Deputy Governor-General of Équateur
- In office 1919 – 25 October 1921
- Preceded by: Georges Moulaert
- Succeeded by: Charles Duchesne

Deputy Governor-General of Congo-Kasaï
- In office 1922 – 19 June 1929
- Preceded by: Léon Guilain Bureau (1869–1944)
- Succeeded by: Joseph Beernaert

Personal details
- Born: 1880
- Died: 1962 (aged 81–82)
- Occupation: Soldier, administrator

= Alphonse Engels =

Alphonse Engels (1880–1962), or A.L.R. Engels, was deputy governor-general of Congo-Kasaï province in the Belgian Congo from 1924 to 1929.

==Life==

Alphonse Engels was born in 1880.
He became a soldier by trade.
He replaced Georges Moulaert as deputy governor-general of Équateur in 1919.
On 25 October 1921 he was succeeded as governor by Charles Duchesne.
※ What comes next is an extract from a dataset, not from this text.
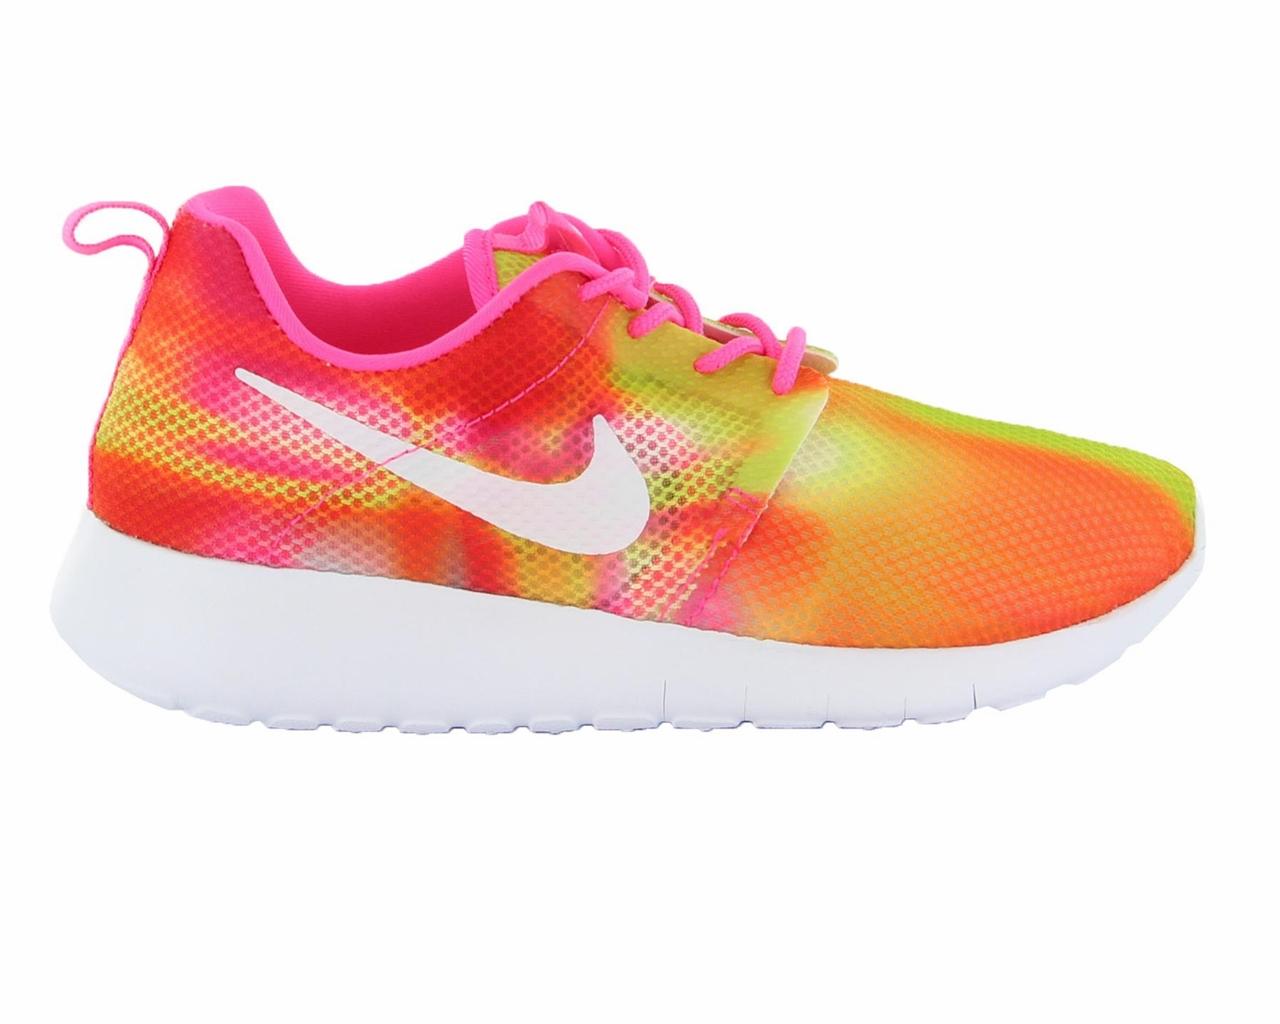 Nike Roshe One girls sneakers -65% @ Soccerfanshop

Engels was deputy governor-general of Congo-Kasaï province in the Belgian Congo from 1924 to 1929.
He replaced Léon Guilain Bureau (1869–1944) as deputy governor-general of Congo-Kasaï in 1922.
In 1925 he was made governor and deputy governor-general of the province.
He left office on 19 June 1929, replaced by Joseph Beernaert.

In September 1930 Engels was a member of a formal commission of inquiry into the conditions of laborers in the colony.
Other members included Colonel Alexis Bertrand (Note: Colonel Bertrand was later deputy governor-general of Orientale Province.) and Pierre Ryckmans, who had investigated the Kilo-Moto gold mines and the Huileries du Congo Belge (HCB).
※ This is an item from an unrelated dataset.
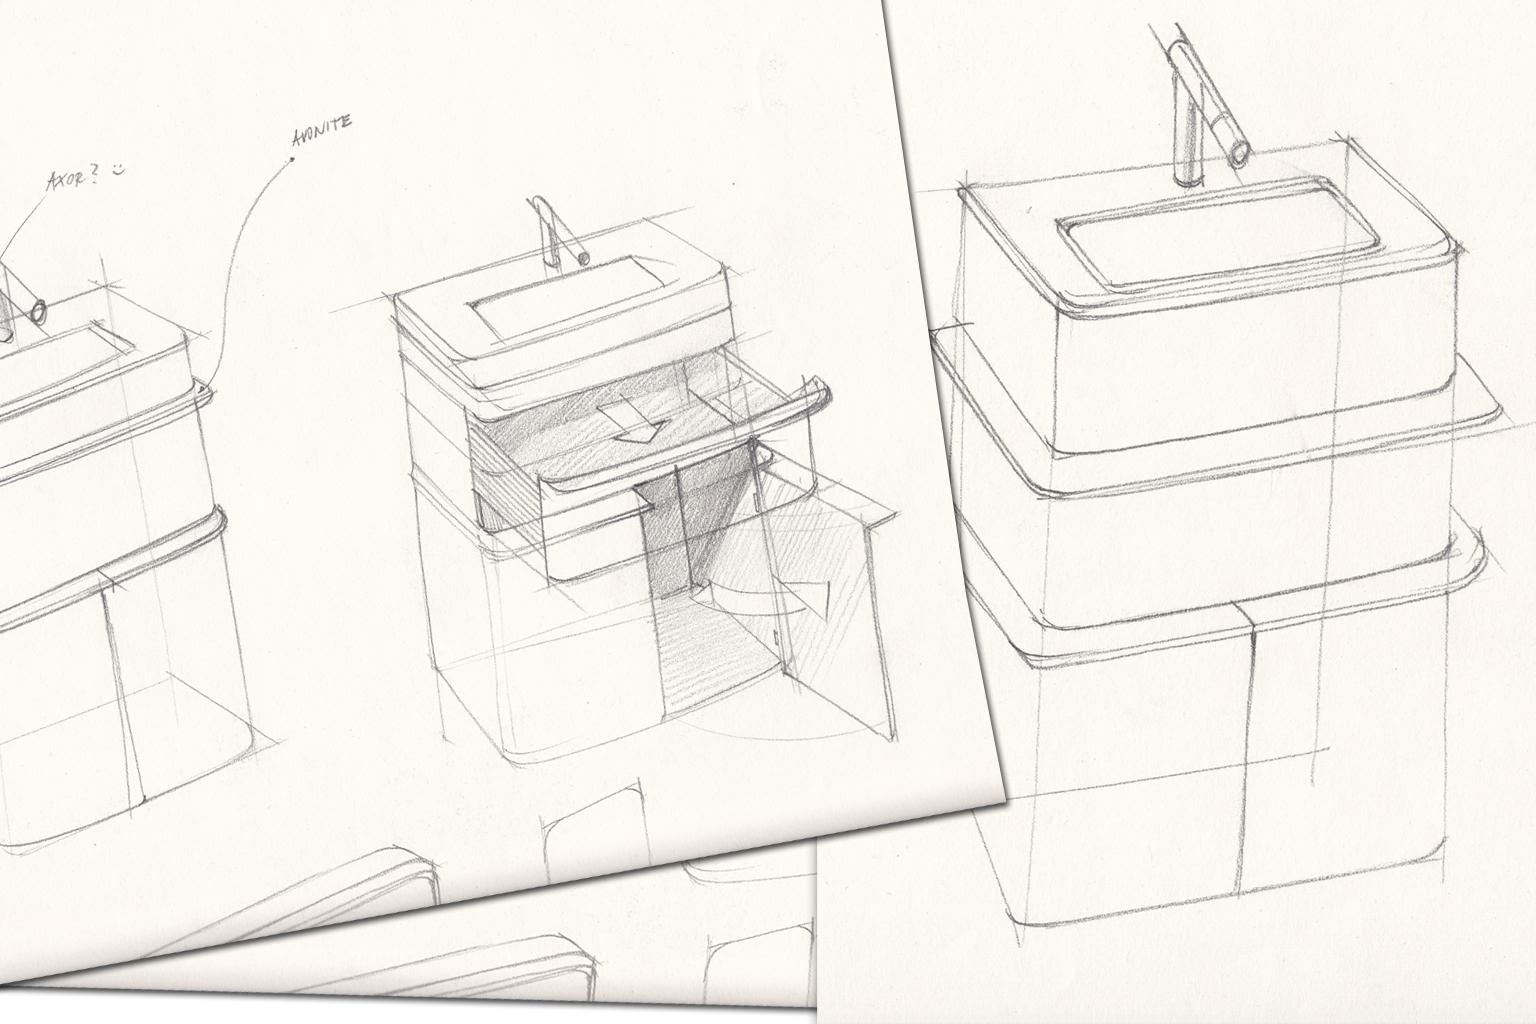 Line Art Bathroom Furniture : Bathroom furniture aqualight from solid surface cetecho

Later he became a member of the Commission for the Royal Belgian Colonial Institute's Belgian Colonial Biography.
He may have not been entirely impartial.
When describing the very controversial summary execution by the Belgian officer Hubert Lothaire of the British merchant Charles Stokes in 1895, Engels describes Lothaire as a valliant officer, while Stokes had played an infamous role.

Engels died in 1962.

==Publications==

- Engels, Alphonse (1912). "Les Wangata, tribu du Congo belge: étude ethnographique"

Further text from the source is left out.